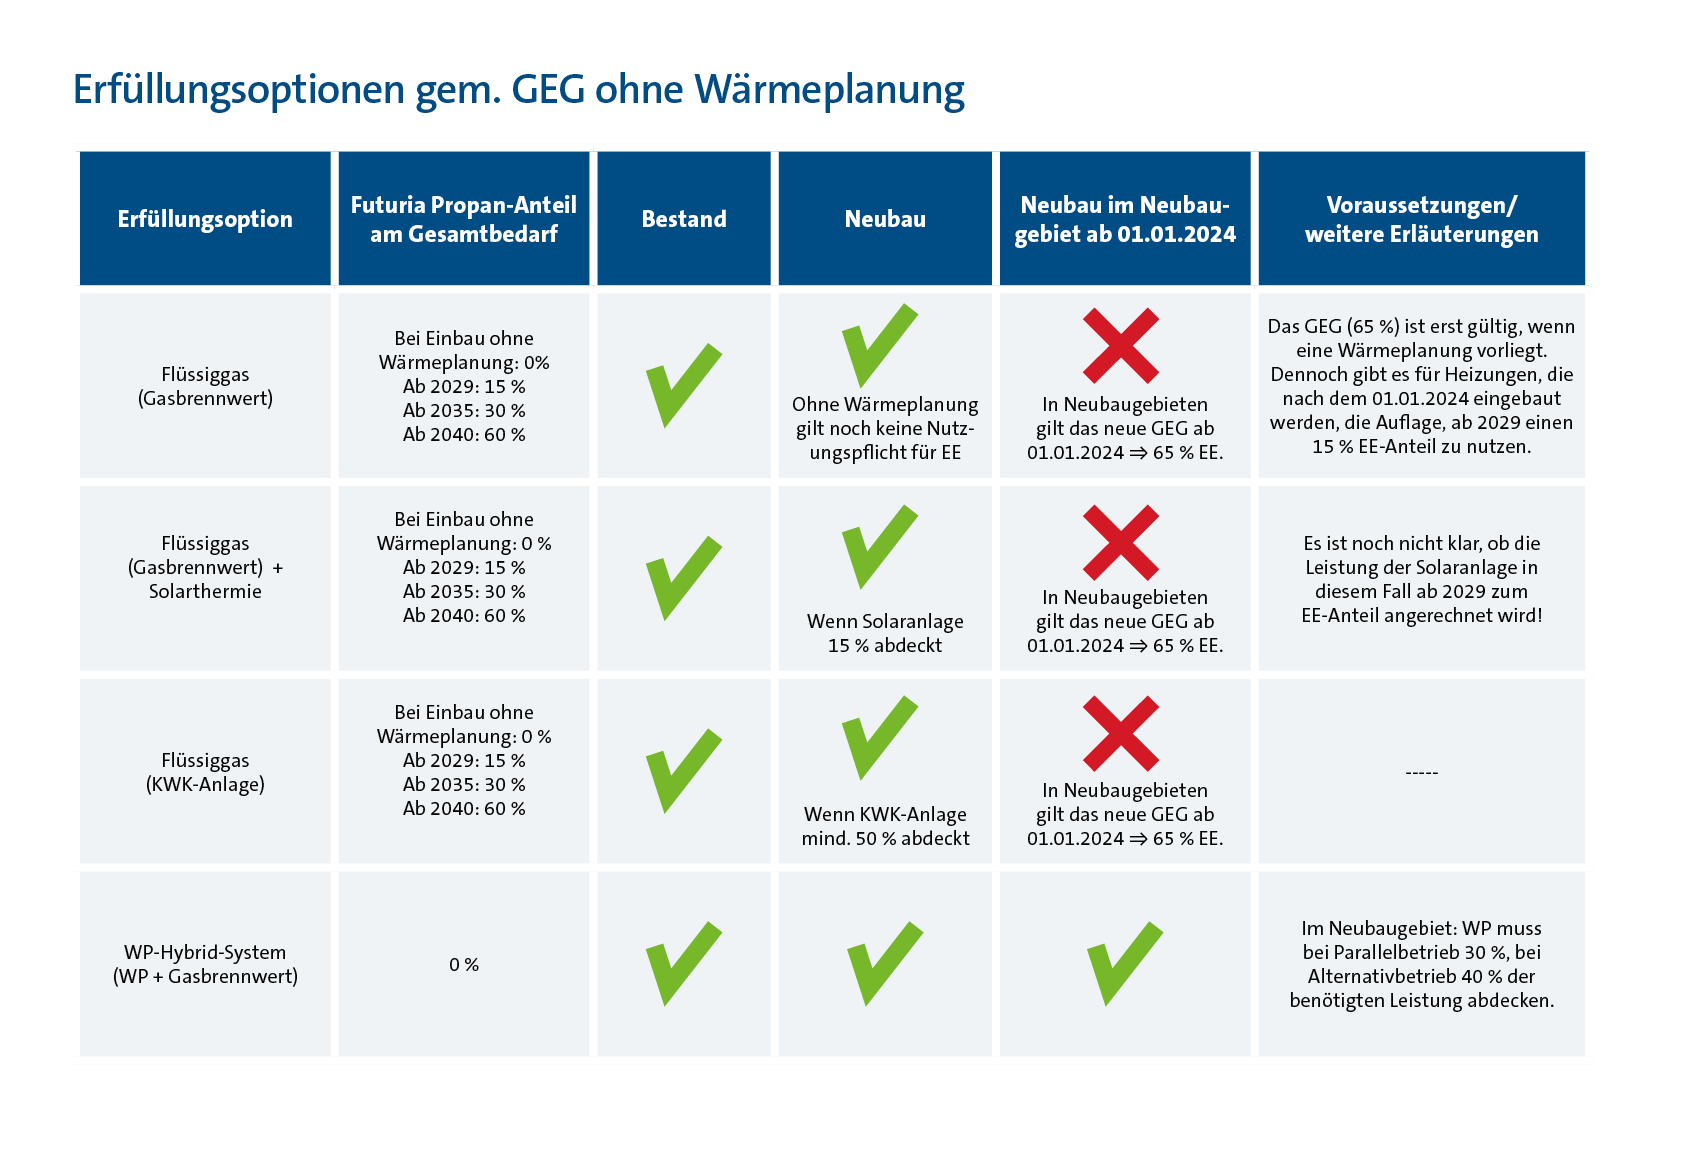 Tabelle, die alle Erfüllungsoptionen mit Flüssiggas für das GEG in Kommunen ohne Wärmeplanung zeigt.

...

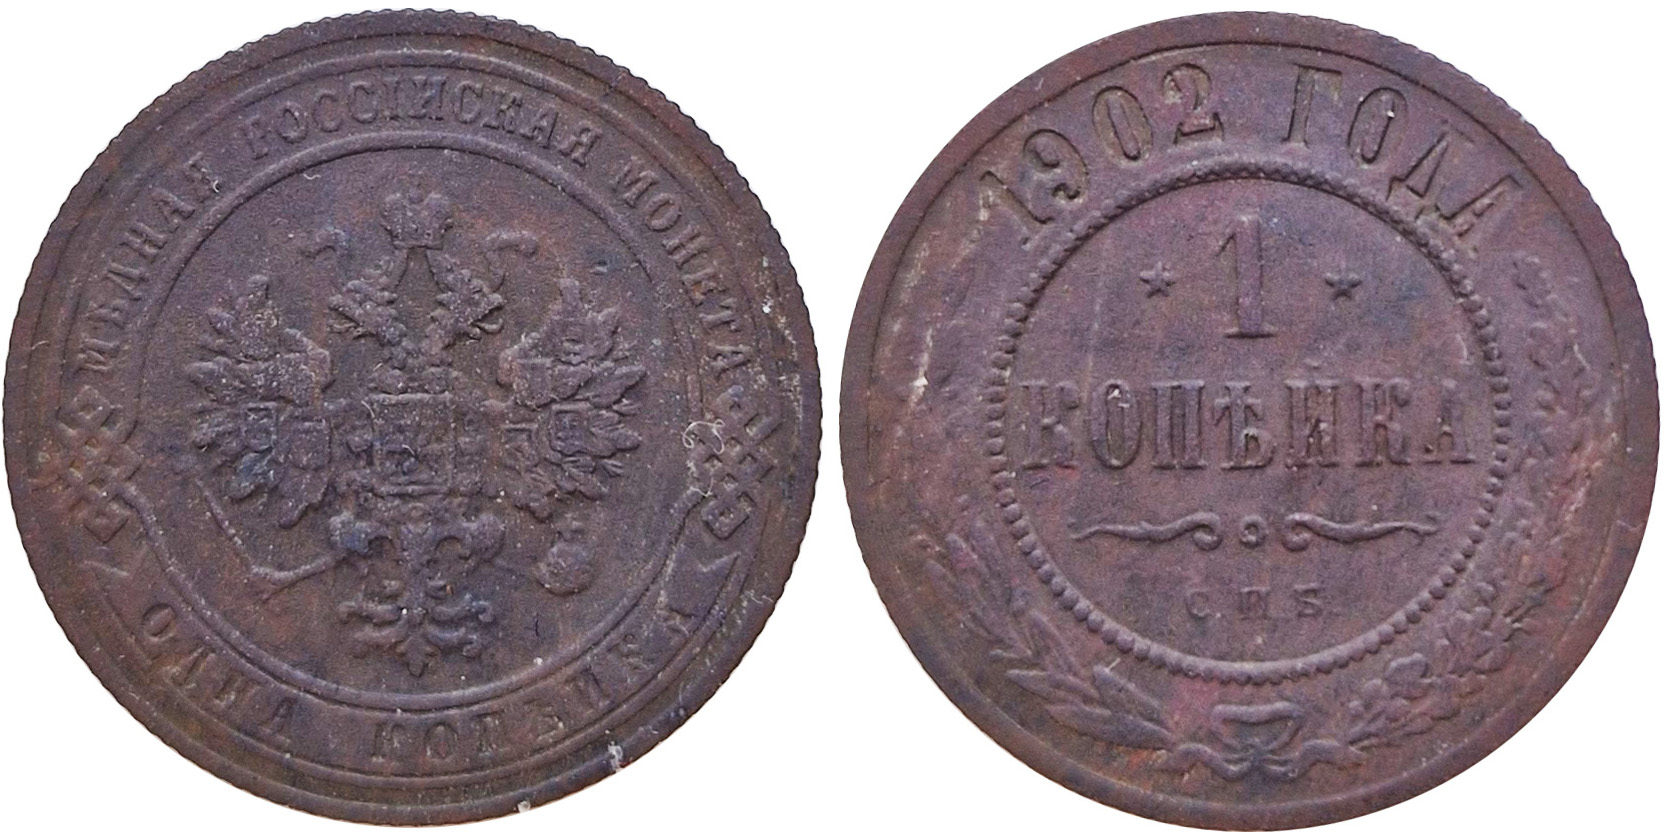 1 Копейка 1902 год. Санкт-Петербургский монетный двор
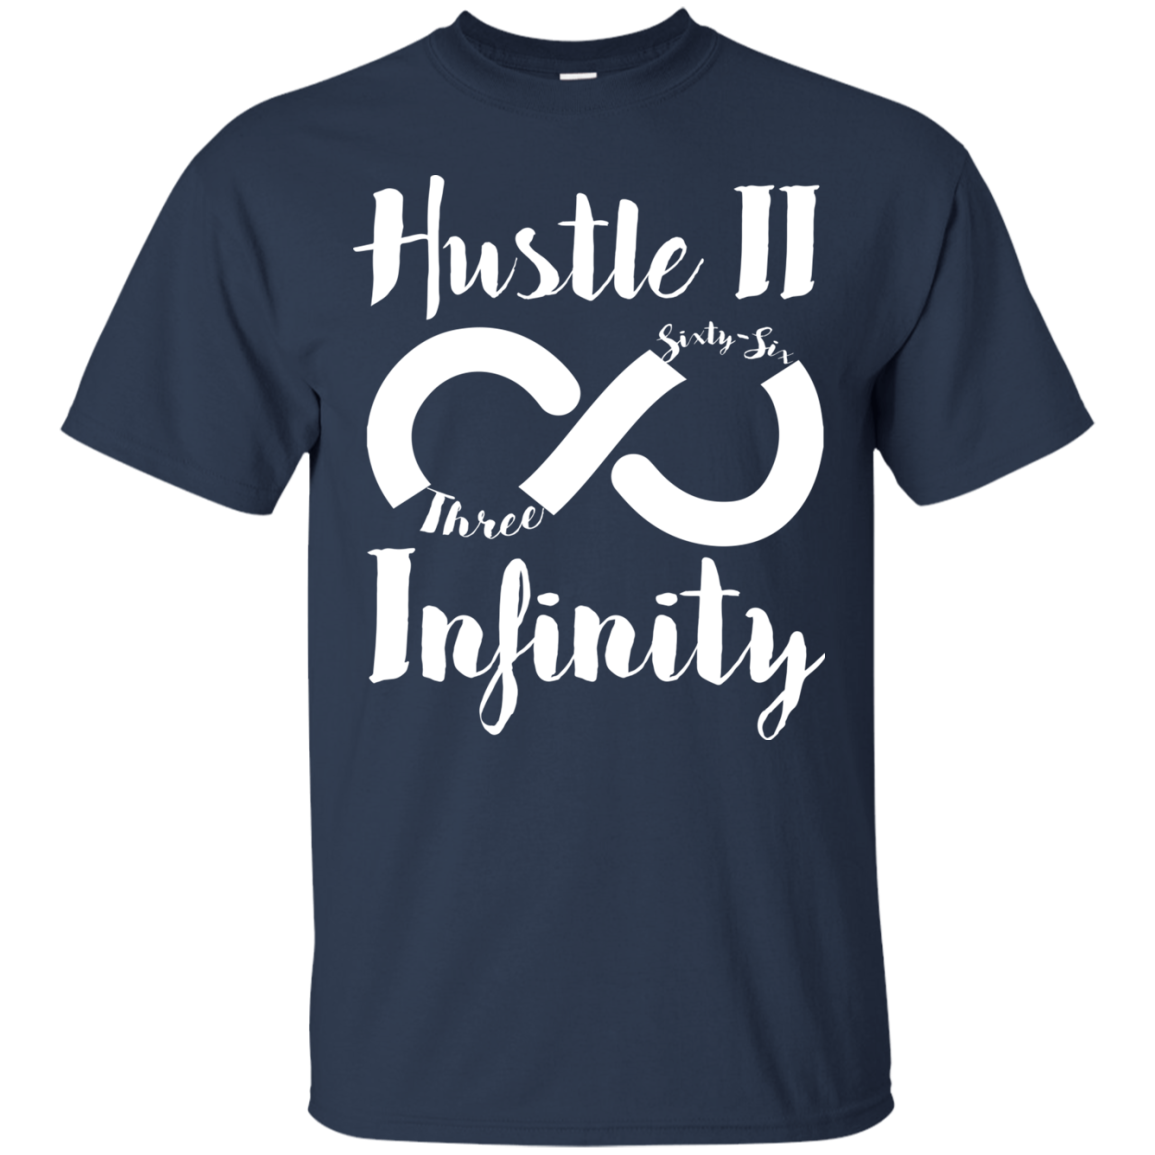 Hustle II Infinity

==

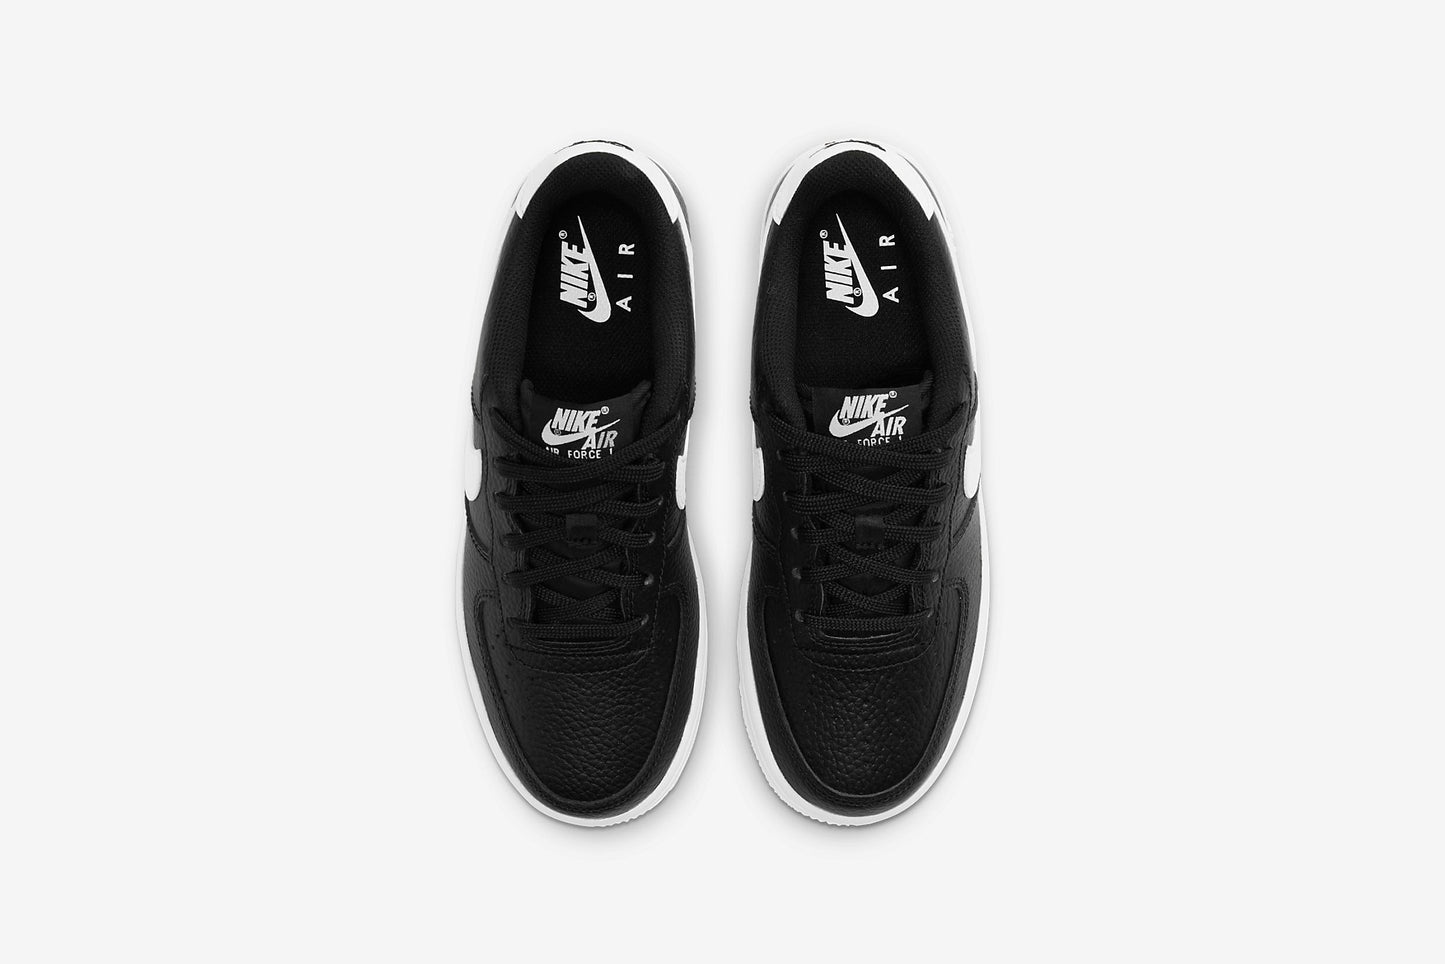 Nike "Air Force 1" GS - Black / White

WHAT YOU NEED TO DO: Above are the records. Copy word for word only their lines from the one holding "1 Копейка 1902" through the one holding "Hustle II Infinity", both included, and skip the images.

ANSWER TO THIS PROBLEM:
 1 Копейка 1902 год. Санкт-Петербургский монетный двор
 Hustle II Infinity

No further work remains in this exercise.